The Provincial newspapers of NSW to follow the Maitland Mercury were:

Brisbane Courier-1846:

Bathurst Free Press and Mining Journal-1848;

Goulburn Herald- 1848:

Armidale Express-1856;

Newcastle Chronicle-1858

Clarence and Richmond Examiner-1859.[This later became the Daily Examiner]

It is from the last of these I propose to examine more thoroughly and give examples from. This newspaper has recently been digitized and made available through Trove. However, a much more complete set of newspapers survive in hardcopy and are housed at Grafton. In an extensive study of this newspaper between 1859-1869, I found there were more than 160 issues not microfilmed and made available on-line through Trove. Of those microfilmed nearly 200 issues were missing a supplementary page that has survived in the hardcopy.

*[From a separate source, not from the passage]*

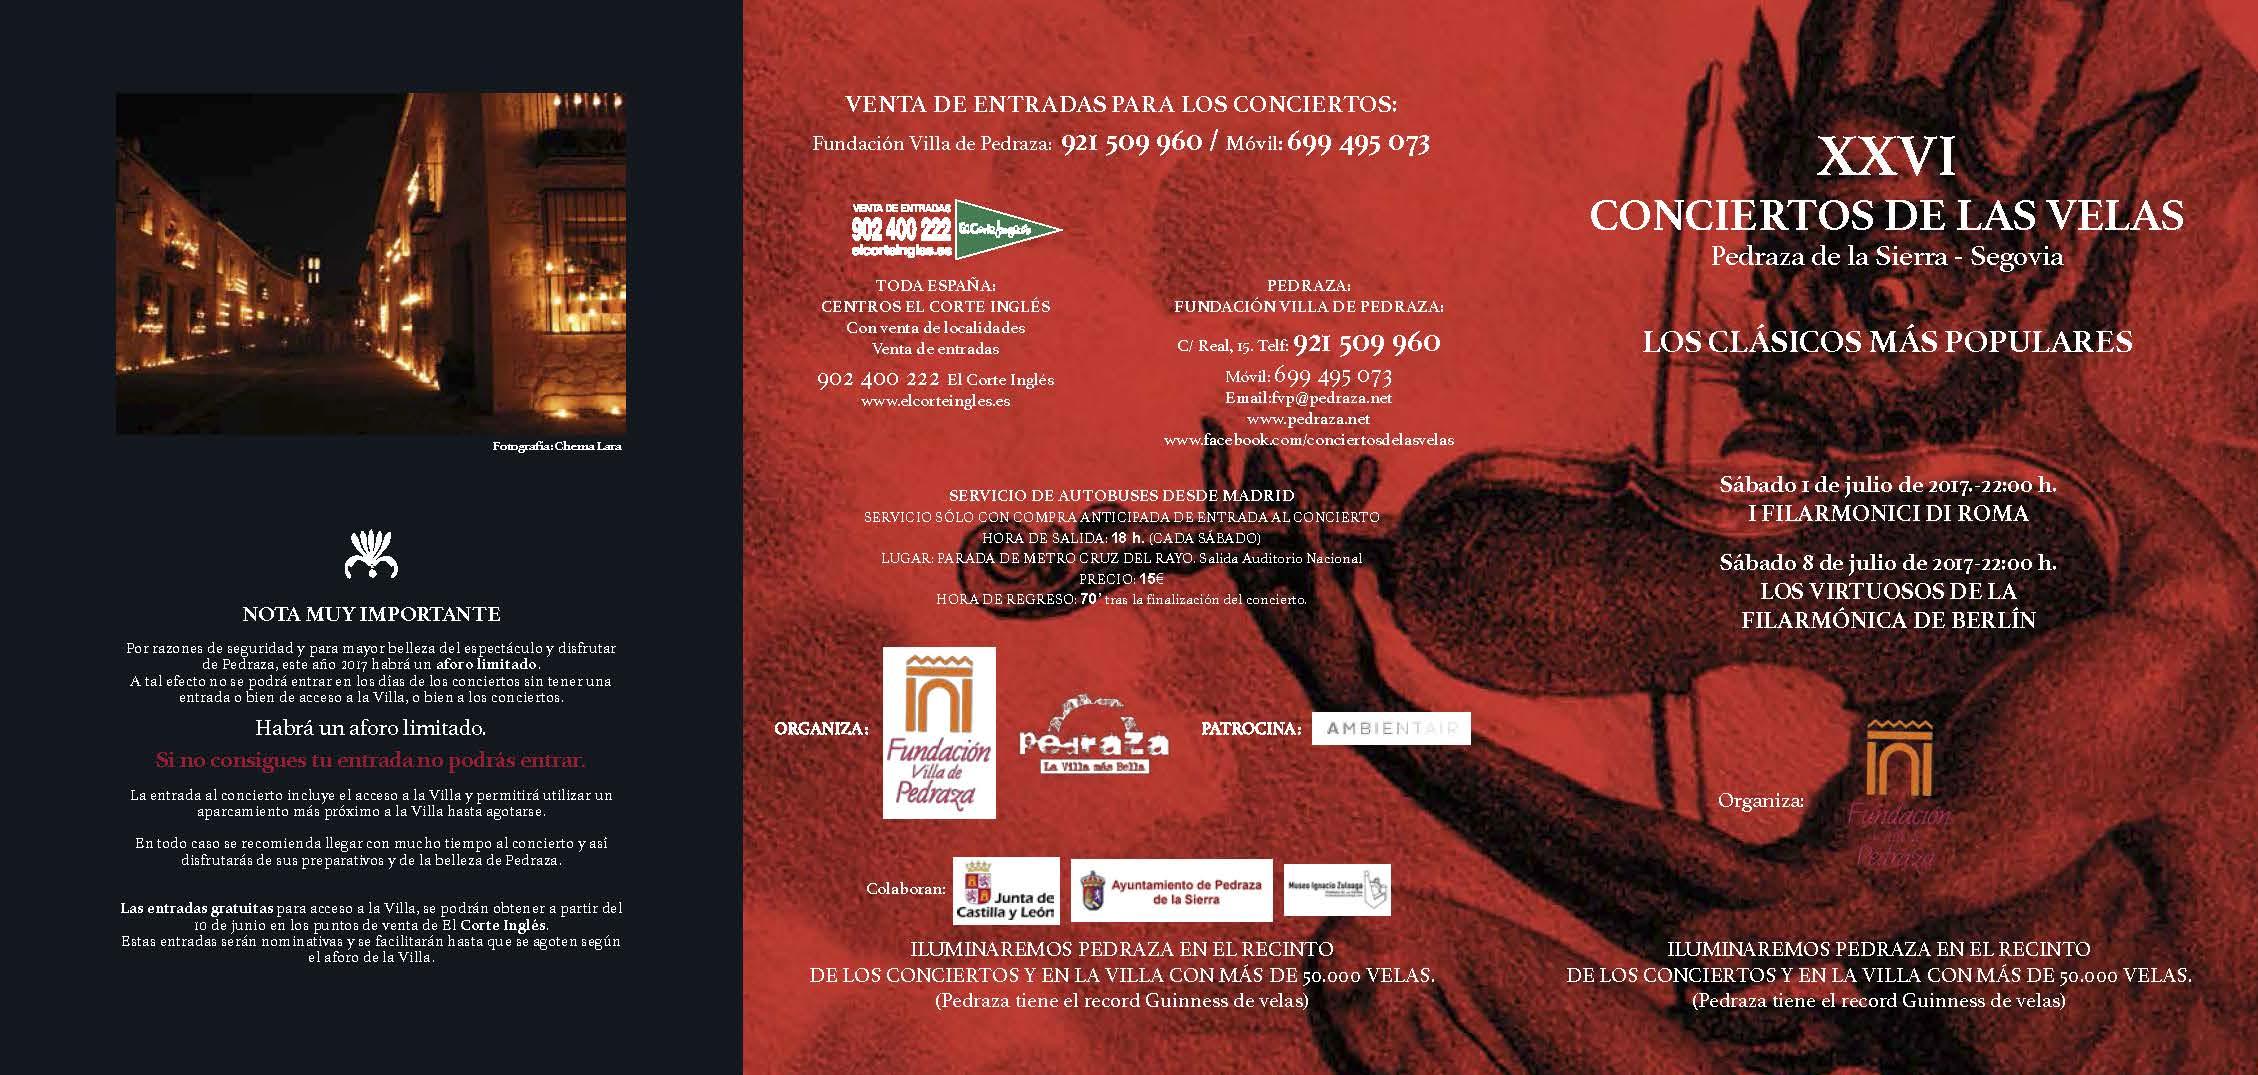 concierto de las velas pedraza 2017

Other newspapers for the Grafton area included:-

  • The Grafton Argus
  • The Observer
  • The Grip
  • The Clarion
  • The Clarence Advocate (Maclean)

Only short runs and occasional copies have survived. All known surviving copies of the these newspapers have been microfilmed. Some of these can also be found on in the Historical Newspapers on Trove.

Please also note many other North Coast newspapers can be found on Trove, including those for Casino, Kyogle, Lismore, Murwillumbah, Brunswick Heads and Mullumbimby.

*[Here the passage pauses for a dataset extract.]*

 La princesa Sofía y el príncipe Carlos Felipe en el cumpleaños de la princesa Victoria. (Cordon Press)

From the earliest days newspapers were in the business of information and were organized in an orderly fashion under ‘headings’ rather than ‘headlines’, so that a pattern emerges which allows researching newspapers easier than one at first might assume. In each issue the headings usually appeared on the same page and in the same column which allows for scanning with the eyes rather than reading every word in print. These headings could roughly be grouped into:

  • News of events and places
  • Personal Notices and Items
  • Trade and Commerce
  • Land
  • Legal
  • Social

All these to varying degrees have value to the family historian. To illustrate this I propose to take some of these headings and show the scope and value of each to the family historian.

News of Events and Places- This is of course is always of interest to the local and family historian and includes a wide range of topics such things as flooding, mining and shipping disasters or gold discovery, launching of a ship, opening of a school, or railway line and station.

Personal Notices- Birth, Death and Marriage Notices are perhaps one of the most valuable sources sort by family historians. These fall into three kinds.

Firstly an event which took place locally, secondly of an event somewhere in Australia, and thirdly of one overseas in another country which had some family connections in Australia.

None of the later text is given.